Cover of The Phrenological Journal and Life Illustrated, Vol. 2, No. 1, Jan 1875. The illustration of the profile of a man’s head pictured on the journal’s cover depicts the phrenological theory that the skull can be divided into sections, and that the physical appearance of these sections directly corresponds with certain traits, e.g. memory, language, self-esteem, or benevolence.

The article “Our Ears—And Their Significance” makes the bold claim that the shape and general appearance of the ear is a strong indicator of one’s demeanor. The ear can be described by three of six basic variables: large or small, regular or irregular, and projecting or close. The article asserts that large ears indicate gentleness, tractability, docility, and teachableness. Those with small ears are conversely more authoritative and less susceptible to “being bossed.”[2] Irregular ears, those with less smooth, defined edges, denote irregularity or eccentricity in one’s mental faculties, while regular ears suggest a regularity and uniformity in character. Finally, projecting ears indicate that the subject is harmless, while ears set close and flat to the head indicate destructiveness or combativeness.

Of course, an illustrated journal cannot be complete without illustrations to accompany its claims. “Our Ears—And Their Significance” is supplemented by several (somewhat exaggerated) depictions of differently shaped ears and what they reveal about their wearers. The following are a few examples.

Here, a subject with large, regular, projected ears is assumed to be calm and steady in demeanor.
Perhaps the most average in appearance, this man with medium-sized, smooth ears is assumed to be well-balanced.
This man with small, irregular, closely cropped ears is thought to be mean and inquisitive.
Finally, this man described as a “smashed subject” has large, irregular ears. According to the article, one may expect him to be docile but eccentric.
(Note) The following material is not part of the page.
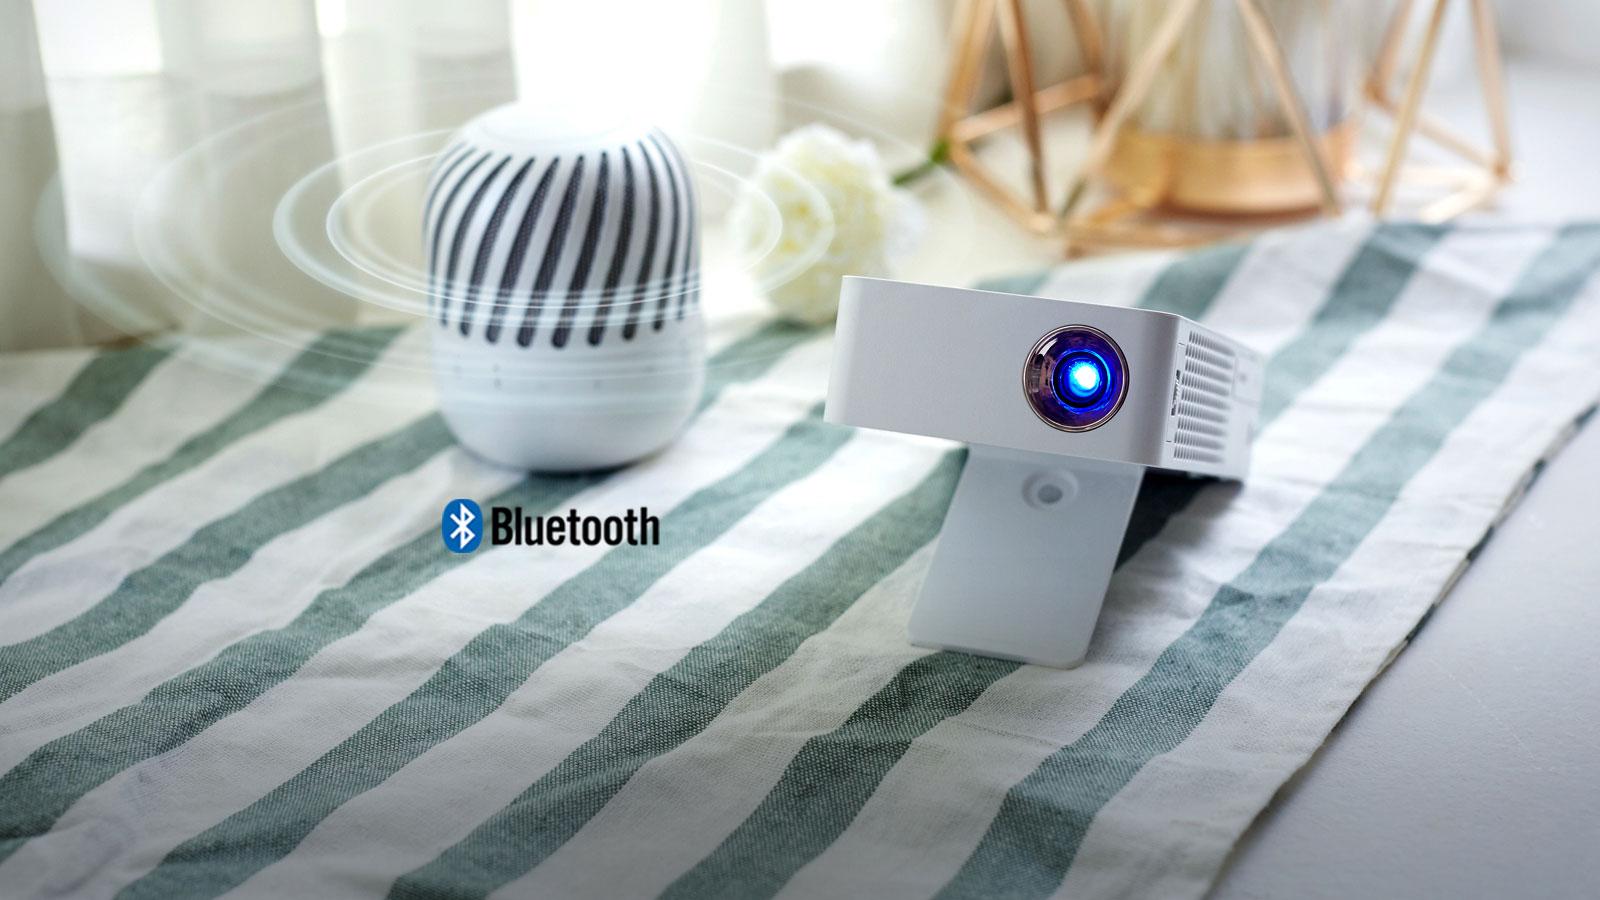 PH30JG_Bluetooth_17102017_D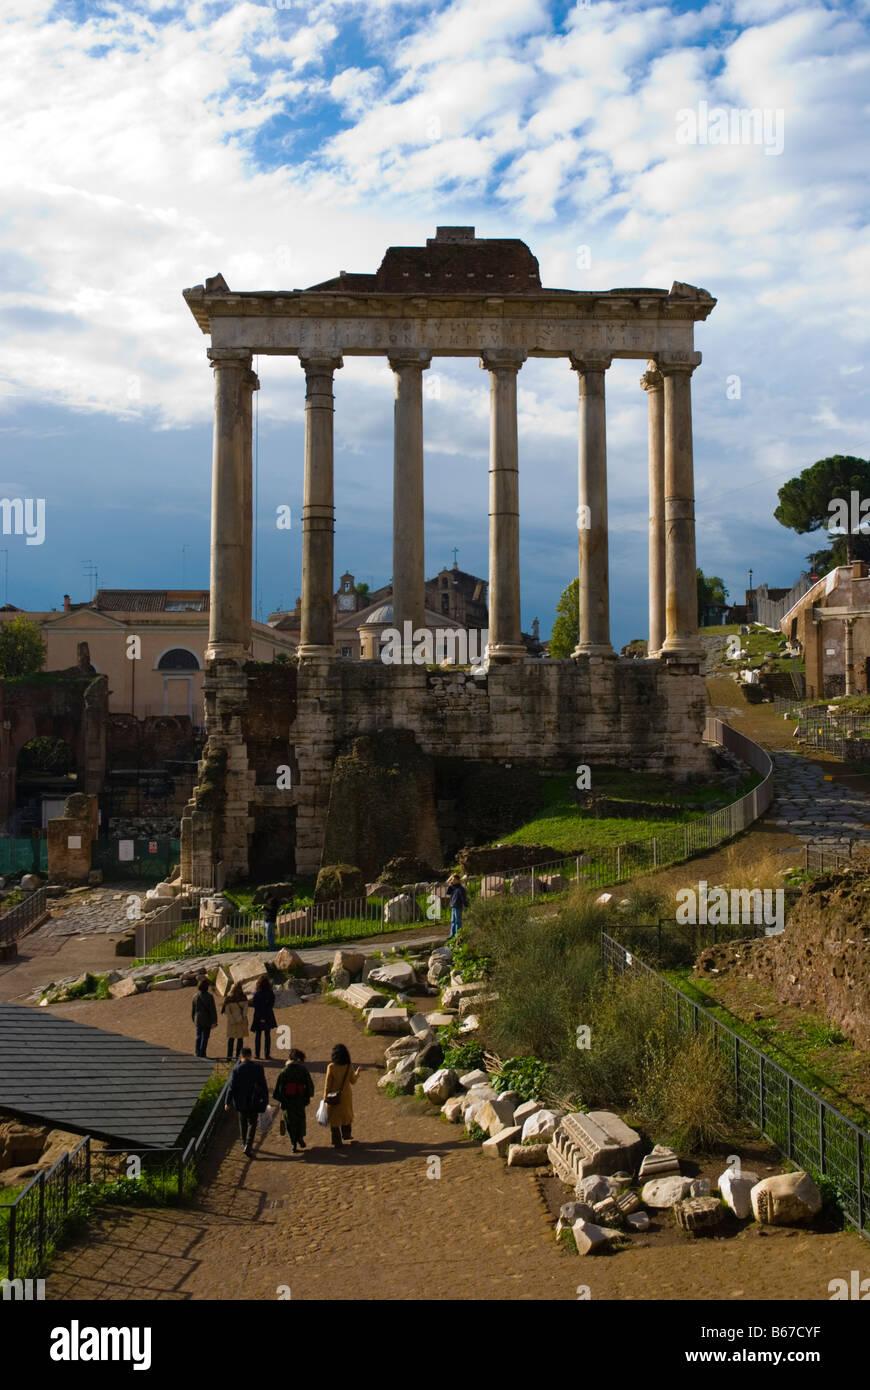 Foro Romano the Roman forum in Rome Italy Europe - Stock Image

Thirteen complete issues of The Phrenological Journal and Life Illustrated will be made available as a digital editions of the Ludy T. Benjamin, Jr. Popular Psychology Magazine Collection by December 2020.

Sources Used:

  1. “Phrenology.” Merriam-Webster. https://www.merriam-webster.com/dictionary/phrenology
  2. “Our Ears—And Their Significance.” The Phrenological and Life Illustrated, Vol. 2, No. 1. Jan 1875. Pp. 17-29.